Après l'épopée barcelonaise — le terme épopée est peut-être un peu fort en regard de ma largeur d'épaule, mais finalement pas tant que ça, une fois mis en balance le fait que je n'avais pas mis les pieds dans cette ville depuis plus de quarante ans, il y avait du retard à grignoter — quand on y pense, c'était encore l'époque franquiste, nada de la movida, d'ailleurs j'avais emporté quelques polars de Jean-Bernard Pouy (Série Noire) dont un, le dernier lu pour tout dire, la Belle de Fontenay, se passe dans un milieu où se côtoient anars, ex-maos, vieux cocos, etc. avec pour narrateur un retraité espagnol sourd-muet, et dans une prose toute oulipienne parfaitement maîtrisée, donc bien indiquée pour soigner ce qui me préoccupe depuis toujours, par exemple et pour donner le ton à la page 154 on y trouve quelques gugusses qui sortent d'un ciné-club où vient d'être projeté Un destin grêle, c'est de l'ordre de l'indicible, mais pas inexprimable, pas plus que ne le fut le concert final de l'académie dont j'accompagnais un des membres, concert mémorable (toutes proportions gardées, amatorat — plutôt qu'amateurisme, oblige) à l'excellent Reniement de saint Pierre (entre autres, et à l'ombre), à l'issue de cette épopée donc, il était convenu que nous passerions quelques jours à la maison, histoire de se reposer, souffler, respirer, marquer une pause, de se rafraîchir aussi (pari tenu au-delà de nos espérances, avec 20° perdus en l'espace de 12 heures il était inutile d'espérer s'endormir sans une bouillotte et des chaussettes) et de s'occuper un peu, façon de parler, du jardin.
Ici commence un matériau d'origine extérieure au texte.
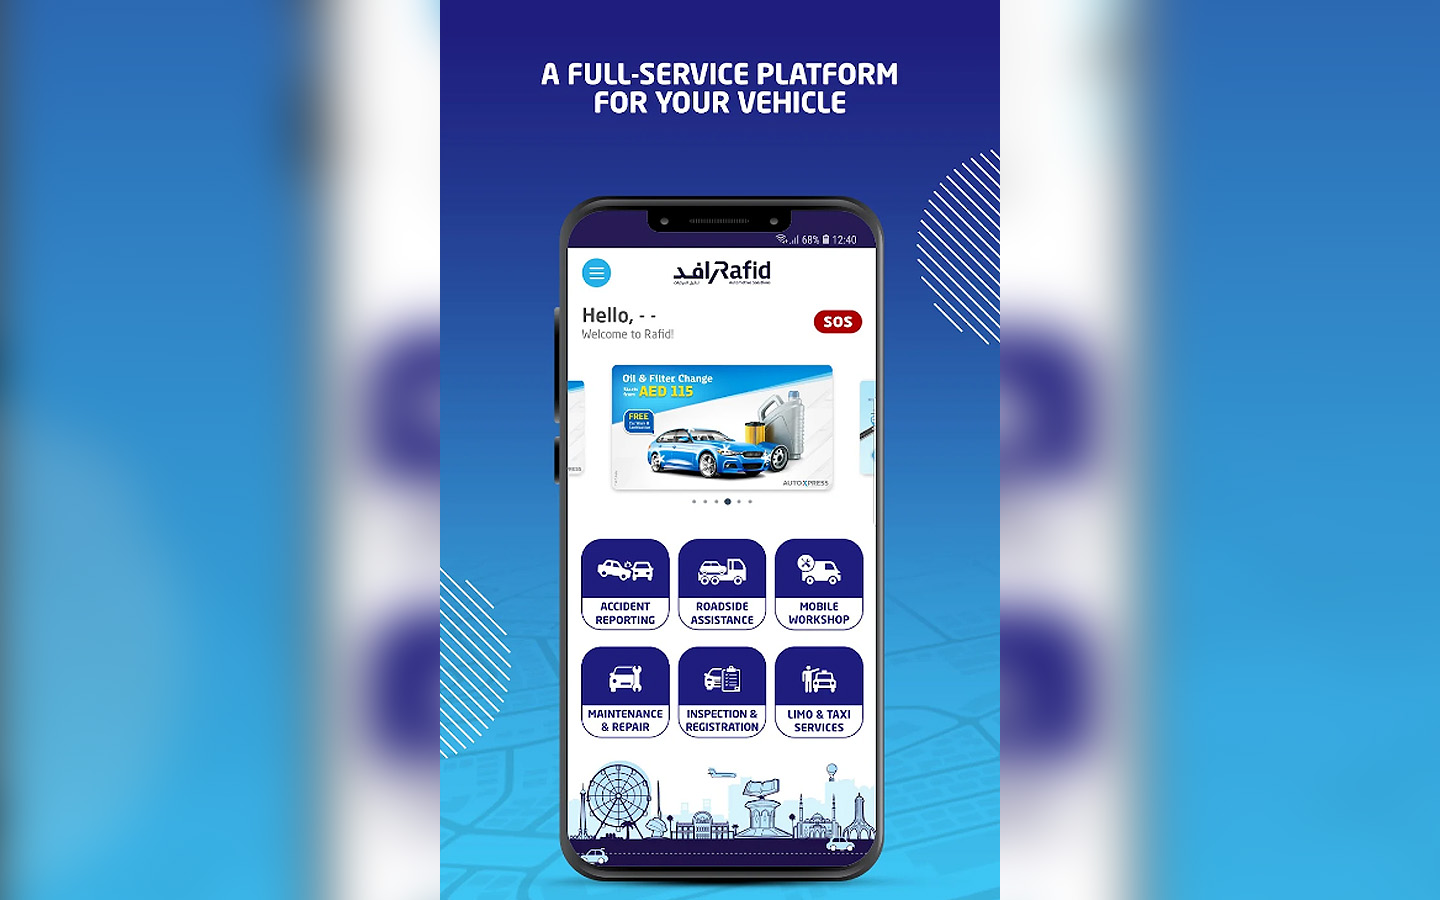 Rafid app gives accident report in 15 minutes of reporting an accident

On se souviendra peut-être des noces contrariées, au printemps. C'est donc une surprise et un plaisir que de voir, au retour, nos justes récriminations pour une fois écoutées : étêtés, les thuyas ont rabattu leur caquet et nos deux amoureuses, vigne et clématite, s'en sont donné à cœur joie, débarrassées de cette enclume végétale au-dessus de la tête, façon Damoclès. Cher voisin, finalement je vous aime. Le pommier, cependant, n'en peut plus, semble épuisé ou fait semblant de l'être, rabougri jusqu'à l'âme. Une posture ? non, une nécessité : vaincu par les lianes, celles-ci comme hissées jusqu'au point de rupture avant de retomber en paravent ajouré tout autour du vieillard. Et se croisant, s'entremêlant, s'étreignant, s'étouffant mutuellement. Trop d'amour, tue. Le cinéma ne me contredira pas. Je cherche vainement une comparaison qui me proposerait un trio aussi créatif et exubérant. Truffaut, Eustache ? trop noir (surtout à la fin). Almodovar, peut-être, mais il faudrait alors Pénélope Cruz et Victoria Abril en même temps, et ce sera difficile. Ensuite, étant donné ma préférence pour le mètre cinquante-neuf et la tête cabossée de celle-ci au détriment des dimensions plantureuses, pourtant, de celle-là, je ne ferais pas preuve d'objectivité et l'histoire s'arrêterait là.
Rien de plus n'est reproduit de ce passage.